What The Webb Space Telescope Will Show Us Next…
…astrophysicist Jane Rigby talks about the beauty of space, the possibility of life on other planets, and how the Webb sees hidden parts of the universe.
Rigby works at nasa Goddard Space Flight Center, in Greenbelt, Maryland, and has been part of the James Webb Space Telescope team since 2010, as an astrophysicist and, since June, as the J.W.S.T.’s senior project scientist. She is an animated storyteller, often punctuating her points with hand gestures and minor adjustments to her black horn-rimmed glasses.
Since the European Space Agency launched nasa’s James Webb Space Telescope from French Guiana, on Christmas Day, 2021, the telescope has hovered in space about a million miles from Earth. During its voyage, the J.W.S.T. unfolded like a piece of origami, releasing an array of solar panels, a powerful antenna, a honeycomb of golden mirrors, and a sunshield that looks like a set of silver sails. Scientists then spent more than three months aligning its mirrors with nanometre precision.
The first telescopes were made of two pieces of rounded glass in a tube. Galileo Galilei discovered Jupiter’s moons, and thus showed that the Earth was not the center of the universe, with a telescope that could magnify twenty times. Six decades later, Isaac Newton completed the first successful reflecting telescope, using a concave mirror that concentrated light much more efficiently. Over the centuries, telescopes have grown and improved enough to spot increasingly faint and faraway celestial objects. The Webb represents a culmination of this progression.
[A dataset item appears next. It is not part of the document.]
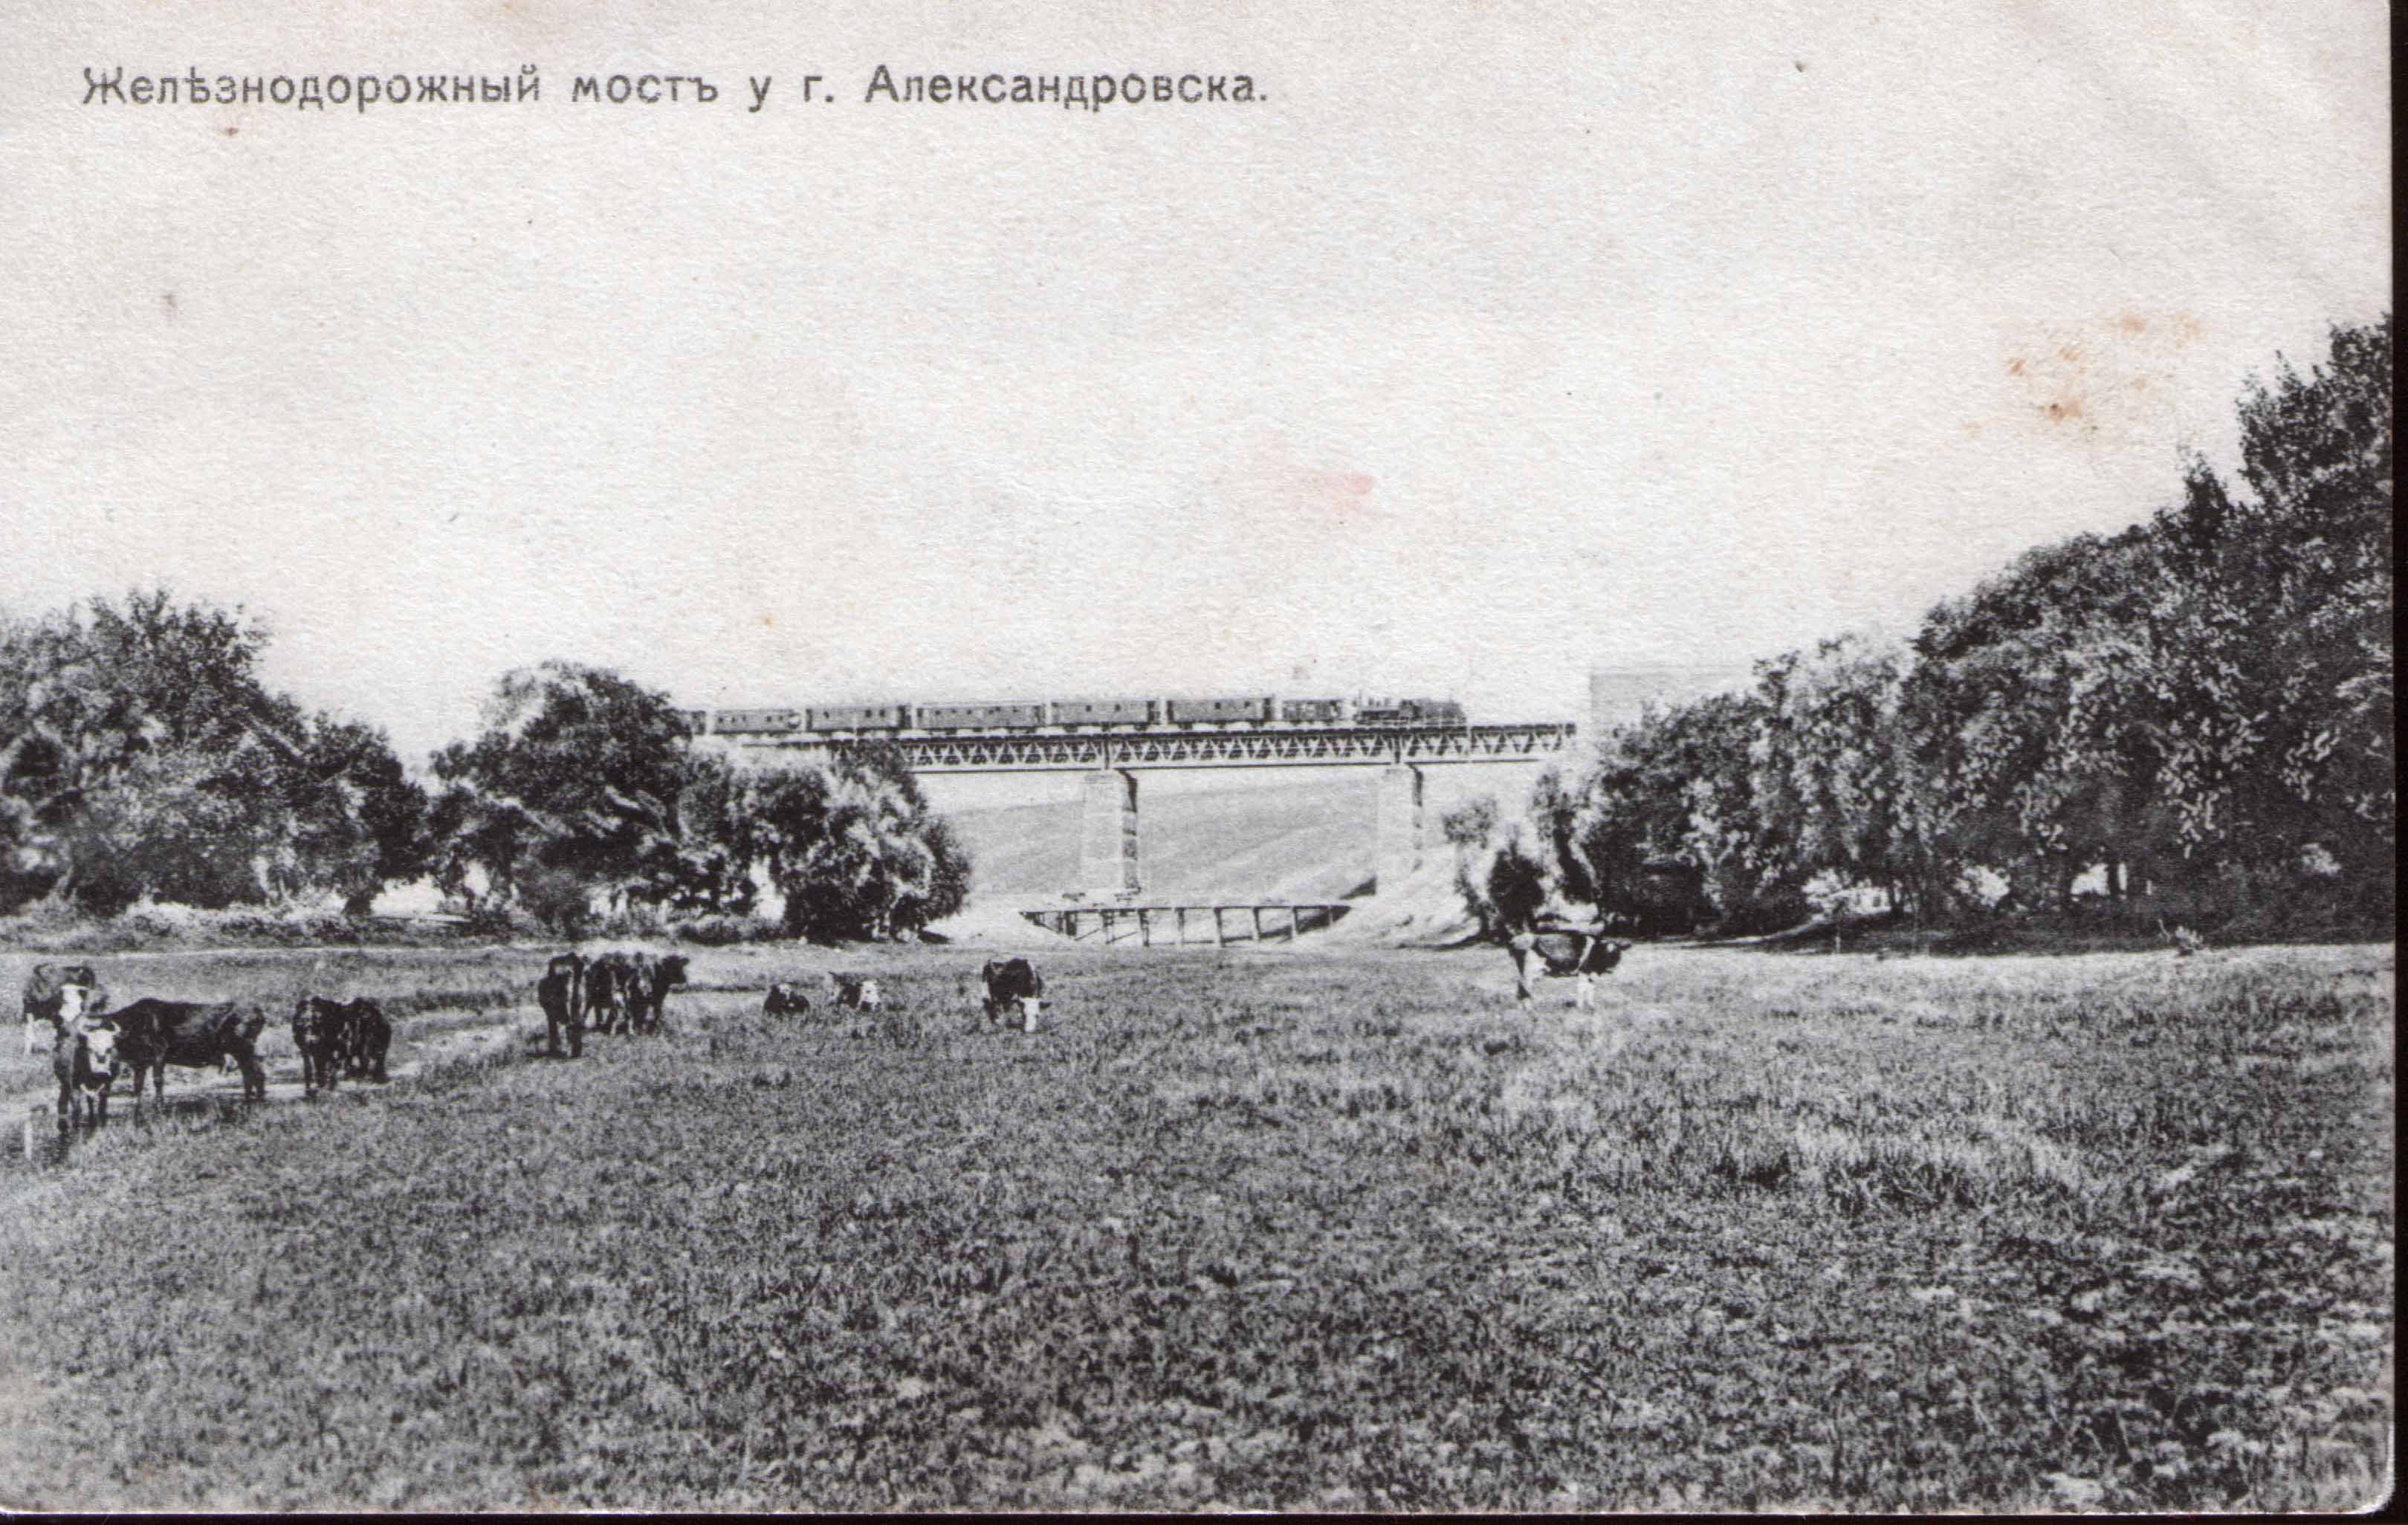 Окрестности Александровска. Железнодорожный мост

It is a hundred times as powerful as the Hubble Space Telescope and sees infrared light that is invisible to the human eye. (Light falls on a spectrum from longer wavelengths to shorter wavelengths: infrared, red, orange, yellow, green, blue, indigo, violet, ultraviolet.) It was designed, in part, to gather light that has been travelling to Earth since shortly after the big bang. When astronomers point its mirror toward the edges of space, it sees the universe as it was thirteen billion years ago—close to the literal dawn of time.